### Work item
A verbatim copy of the data is wanted, minus any picture in it.

### Given material
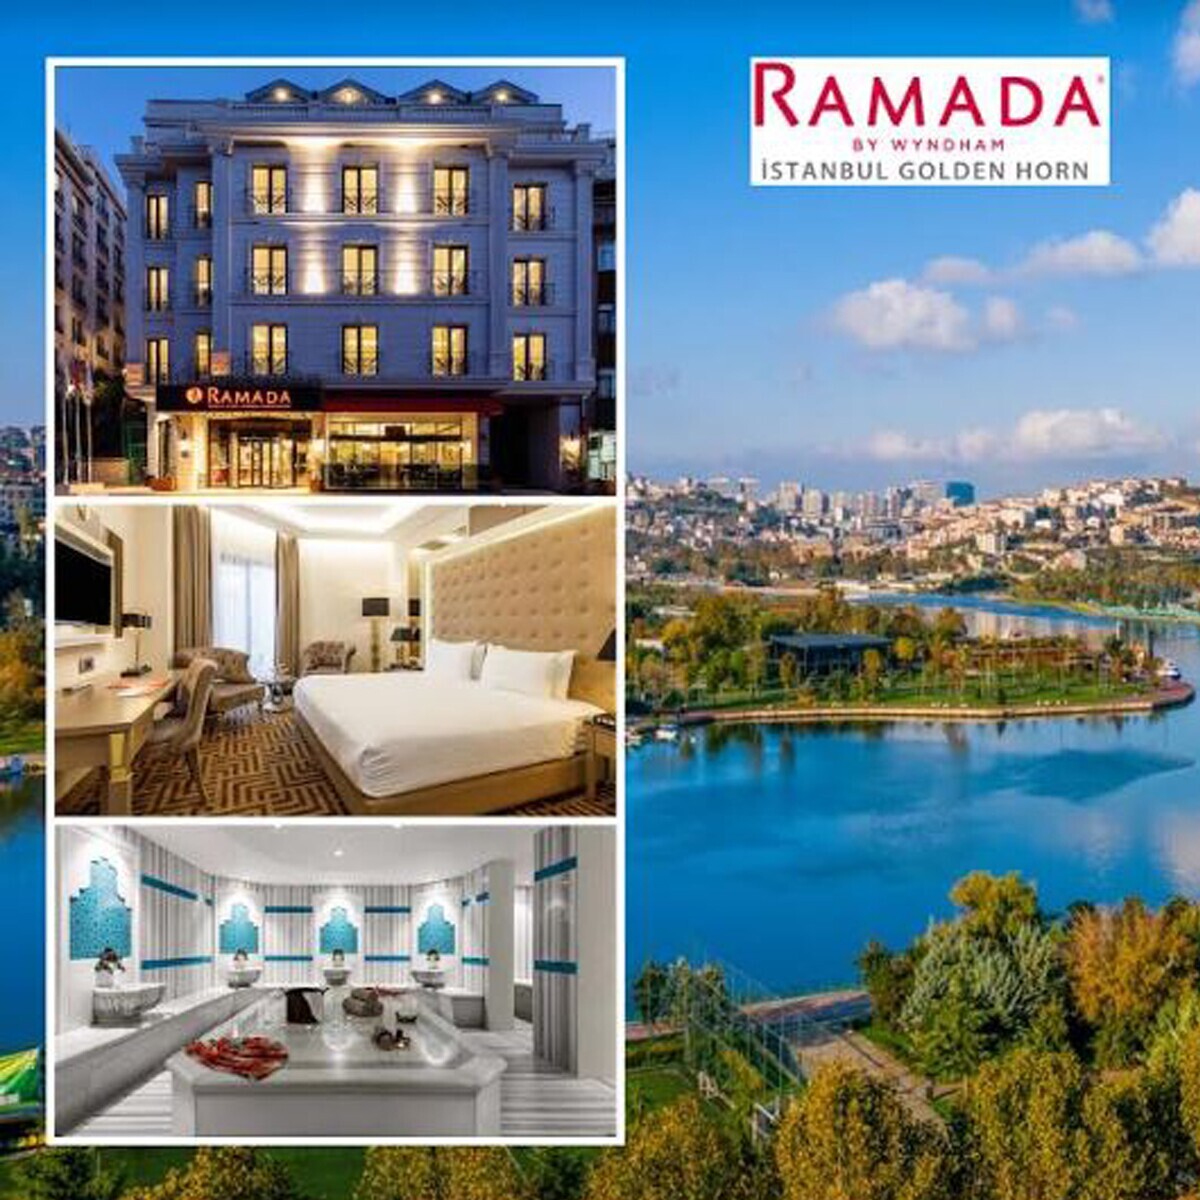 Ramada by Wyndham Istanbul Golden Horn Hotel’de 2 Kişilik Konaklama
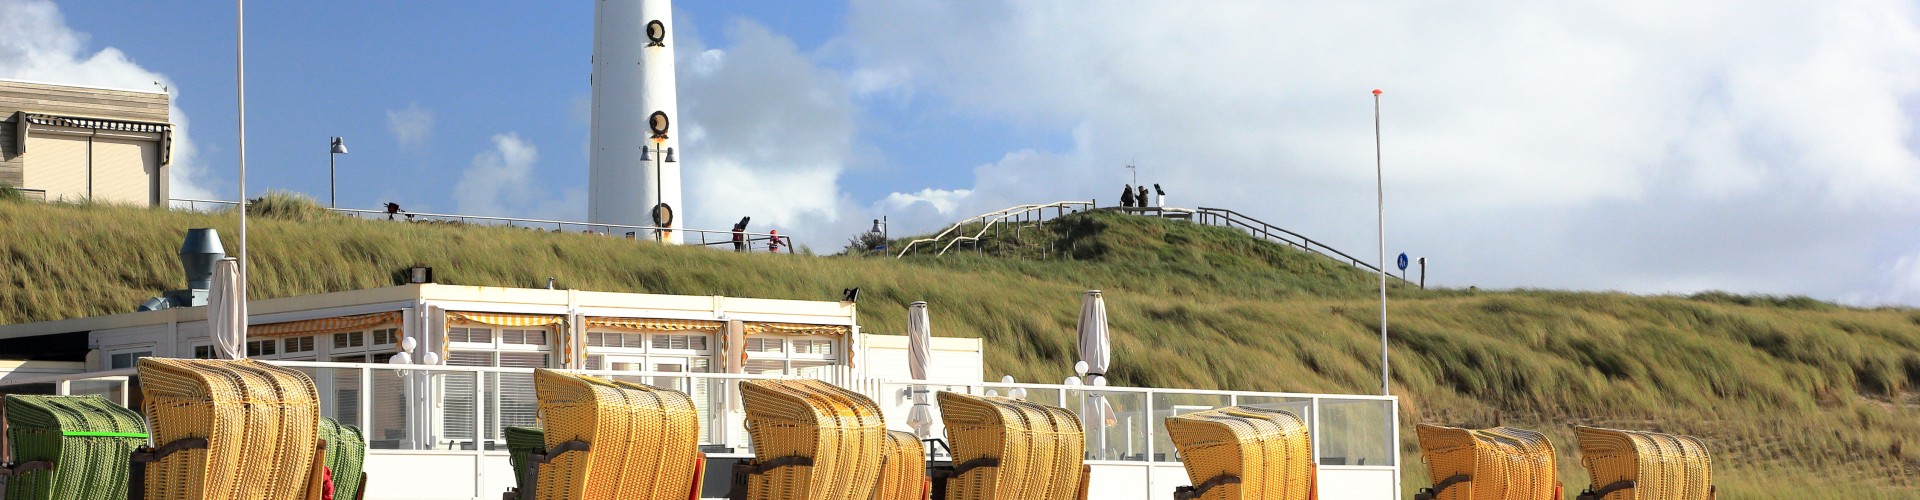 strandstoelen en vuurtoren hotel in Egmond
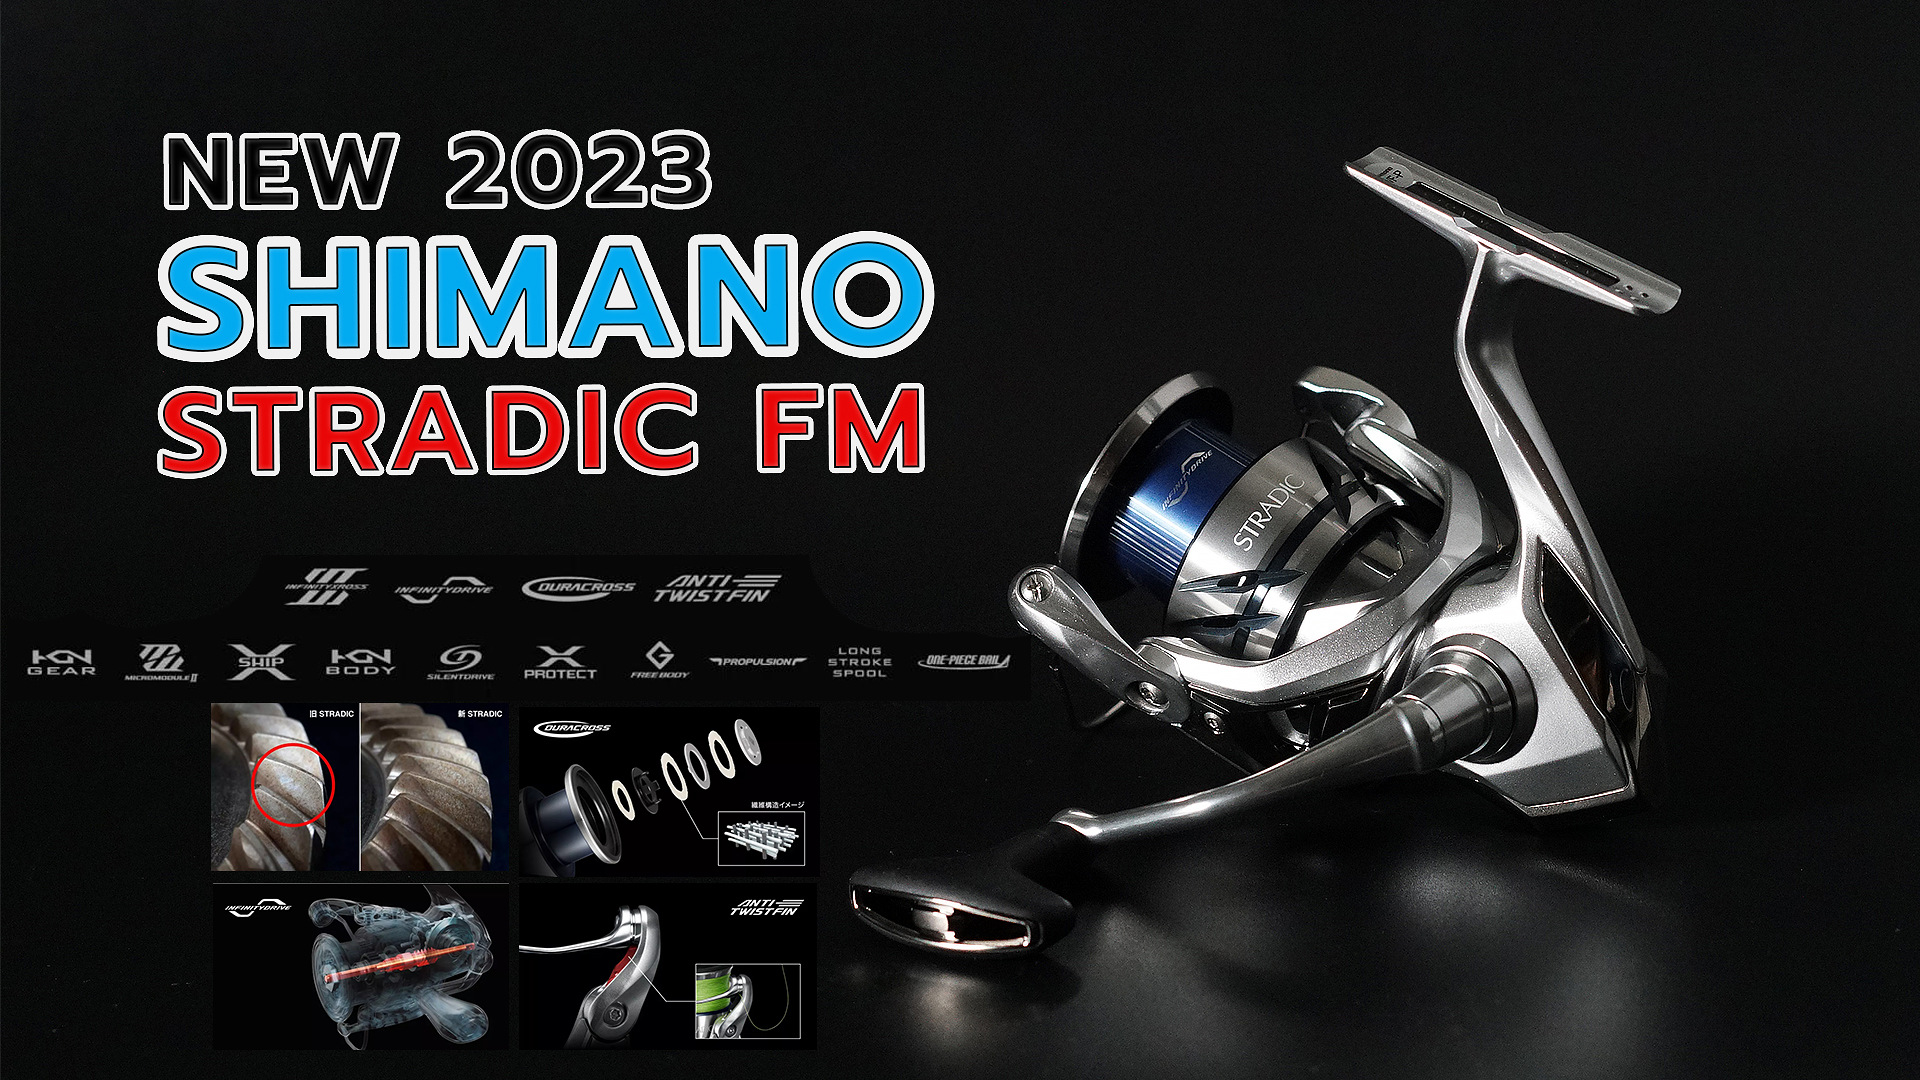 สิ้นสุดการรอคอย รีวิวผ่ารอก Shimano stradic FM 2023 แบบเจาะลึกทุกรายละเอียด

### The completed task
 Ramada by Wyndham Istanbul Golden Horn Hotel’de 2 Kişilik Konaklama
 strandstoelen en vuurtoren hotel in Egmond
 สิ้นสุดการรอคอย รีวิวผ่ารอก Shimano stradic FM 2023 แบบเจาะลึกทุกรายละเอียด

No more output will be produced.